Methods We extracted 25 patients with IgG4-RKD between September 2005 and December 2016 in our hospital. Based on the presence/absence of hypocomplementemia at diagnosis, we divided them into a hypocomplementemia group (n=11) and normal complement group (n=14), and retrospectively analyzed various clinical features (age, sex, serum IgG levels, serum IgG4 levels, gaps between serum IgG and IgG4 level, ratio of serum IgG to serum IgG4, serum IgG subclasses, serum IgE levels, serum creatinine levels, urinary protein and urinary occult blood, urinary β2-microglobulin, urinary N-acetyl-β-D-glucosaminidase, initial dose of prednisolone, serum IL-2R levels, multiple organ lesion) during the clinical course in the two groups.

Results The patients comprised 18 men and 7 women with an average age of 67.5 years (range, 44 to 81 years). Serum IgG levels (3971±729 mg/dL vs. 2157±598 mg/dL; p<0.001), gaps between serum IgG and IgG4 level (2992±770 mg/dL vs. 1482±444 mg/dL; p<0.001), serum IgG1 levels (2043±1025 mg/dL vs. 891±209 mg/dL; p=0.017), and the number of involved organs (4.1±1.1 vs 2.9±1.1; p=0.018) were significantly different between the two groups, while serum IgG4 levels (979±477 mg/dL vs. 791±575 mg/dL; p=0.298) and serum creatinine levels (1.96±1.89 mg/dL vs. 1.09±0.48 mg/dL; p=0.298) were not. At relapse of renal lesions, although both groups showed serum IgG4 re-elevation, the hypocomplementemia group showed exacerbation of hypocomplementemia and re-expansion of gaps between serum IgG and IgG4 level, while the normal complement group did not.

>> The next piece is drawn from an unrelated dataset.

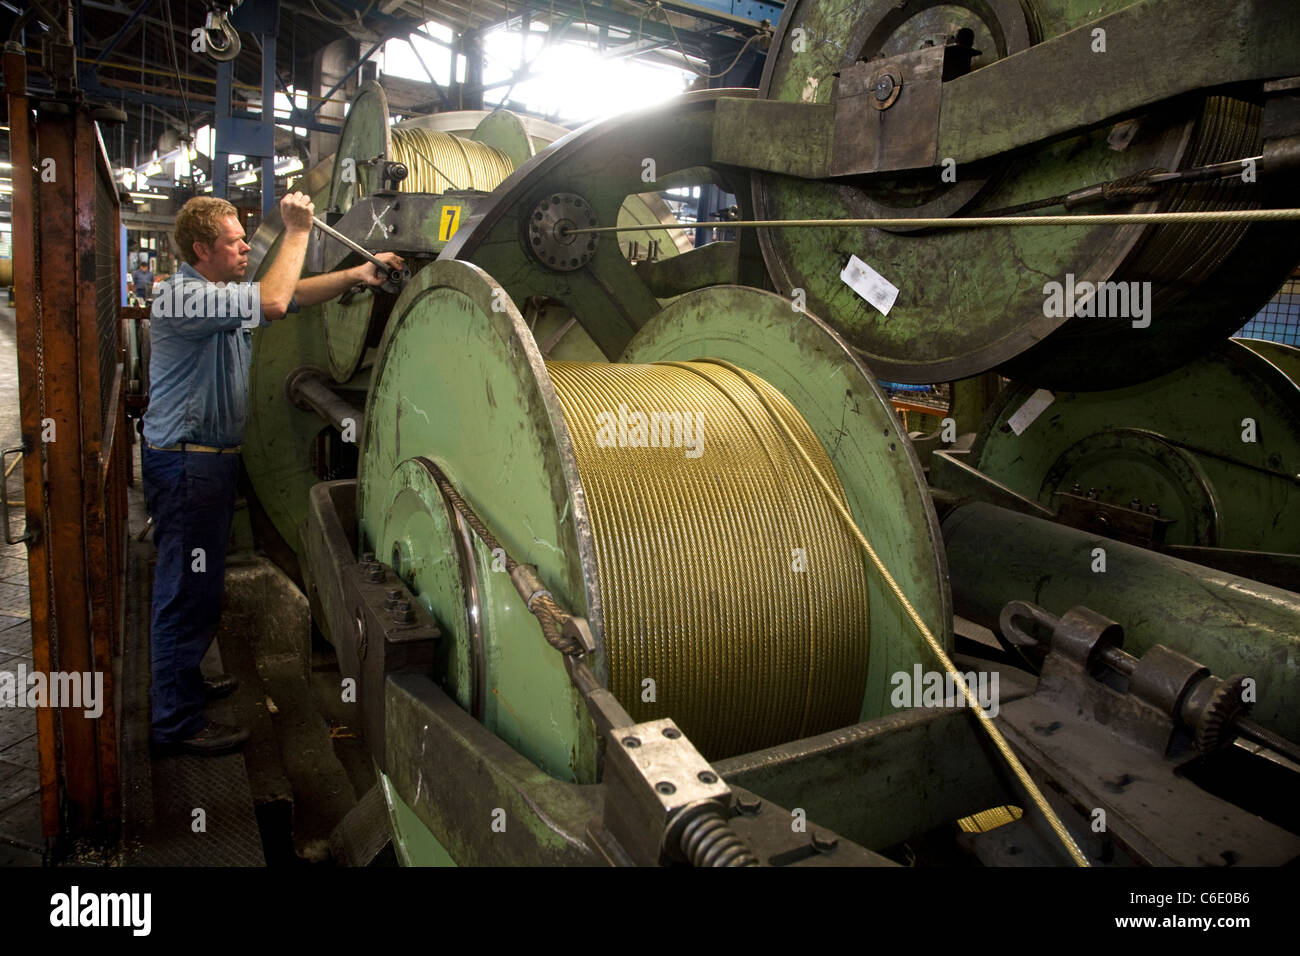 Pfeifer Drako wire rope factory, Muelheim an der Ruhr, Germany Stock Photo

Conclusions Hypocomplementemia may be associated with multiple organ involvement and elevation of IgG subclasses other than IgG4 including IgG1 in IgG4-RKD. In patients who initially show hypocomplementemia, a decline in serum complement levels implies renal lesion relapse.

References

  1. Kawano M et al. Proposal for diagnostic criteria for IgG4-related kidney disease. Clin Exp Nephrol. 2011 Oct;15(5):615–26.

  2. Saeki T et al. Clinicopathological characteristics of patients with IgG4-related tubulointerstitial nephritis. Kidney Int. 2010 Nov;78(10):1016–23.

  3. Raissian Y et al. Diagnosis of IgG4-related tubulointerstitial nephritis. J Am Soc Nephrol. 2011 Jul;22(7):1343–52.